Posted to dev@giraph.apache.org by Maja Kabiljo <ma...@fb.com> on 2013/02/05 06:42:07 UTC
Review Request: GIRAPH-498: We should check input splits status from
zookeeeper once per worker, not once per split thread
-----------------------------------------------------------
This is an automatically generated e-mail. To reply, visit:
https://reviews.apache.org/r/9301/
-----------------------------------------------------------
Review request for giraph.
Description
-------
When using a lot of workers and a lot of input split threads, checking that all input splits are finished after the reading is done takes a long time, since we check every input split once per thread.

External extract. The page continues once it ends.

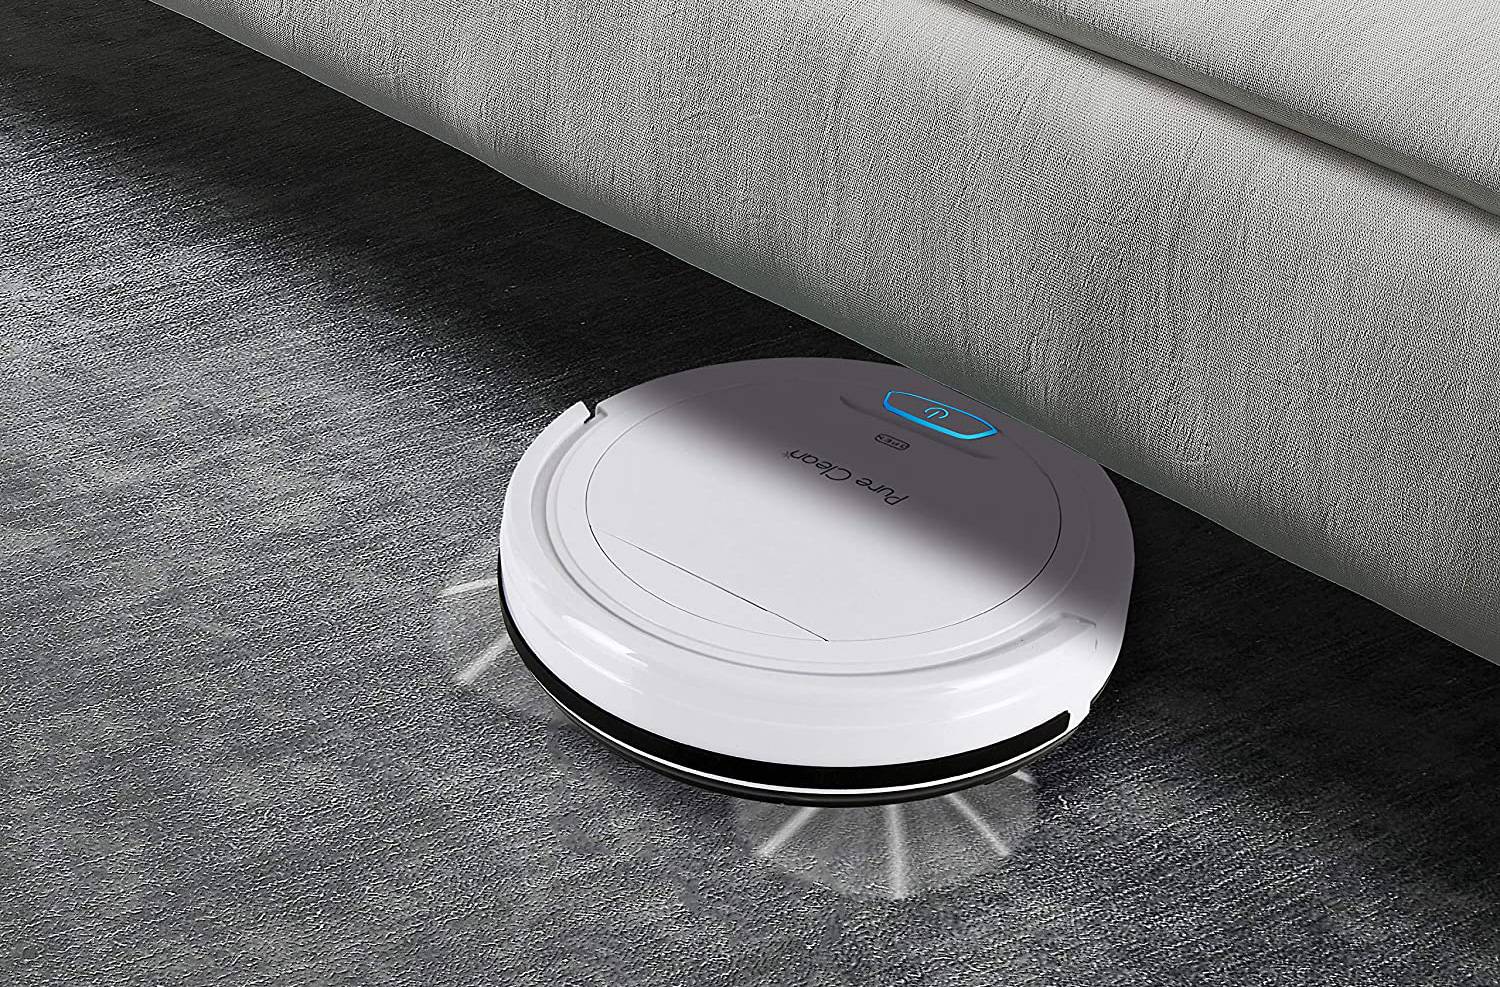 Don’t are looking out for to use hundreds? This entirely-promoting robotic vacuum is entirely $90 at Amazon

This addresses bug GIRAPH-498.
https://issues.apache.org/jira/browse/GIRAPH-498
Diffs
-----
giraph-core/src/main/java/org/apache/giraph/conf/GiraphConfiguration.java 796047d
giraph-core/src/main/java/org/apache/giraph/worker/BspServiceWorker.java f542344
giraph-core/src/main/java/org/apache/giraph/worker/EdgeInputSplitsCallable.java 7d40dfb
giraph-core/src/main/java/org/apache/giraph/worker/EdgeInputSplitsCallableFactory.java 1adcd73
giraph-core/src/main/java/org/apache/giraph/worker/InputSplitPathOrganizer.java bfaefd2
giraph-core/src/main/java/org/apache/giraph/worker/InputSplitsCallable.java d09ca2b
giraph-core/src/main/java/org/apache/giraph/worker/InputSplitsHandler.java PRE-CREATION
giraph-core/src/main/java/org/apache/giraph/worker/VertexInputSplitsCallable.java a4f98e1
giraph-core/src/main/java/org/apache/giraph/worker/VertexInputSplitsCallableFactory.java 0d617dc
giraph-core/src/test/java/org/apache/giraph/TestBspBasic.java 987f51c
giraph-hbase/.graph.csv.crc PRE-CREATION
giraph-hbase/graph.csv PRE-CREATION
Diff: https://reviews.apache.org/r/9301/diff/
Testing
-------
mvn clean verify
Real application, using 200 workers and 20 input threads:
- trunk - about 560s for input split threads to finish, 720s for input superstep
- with this patch - about 310s for input split threads to finish, 500s for input superstep
Thanks,
Maja Kabiljo
Re: Review Request: GIRAPH-498: We should check input splits status from
zookeeeper once per worker, not once per split thread
Posted by Alessandro Presta <al...@fb.com>.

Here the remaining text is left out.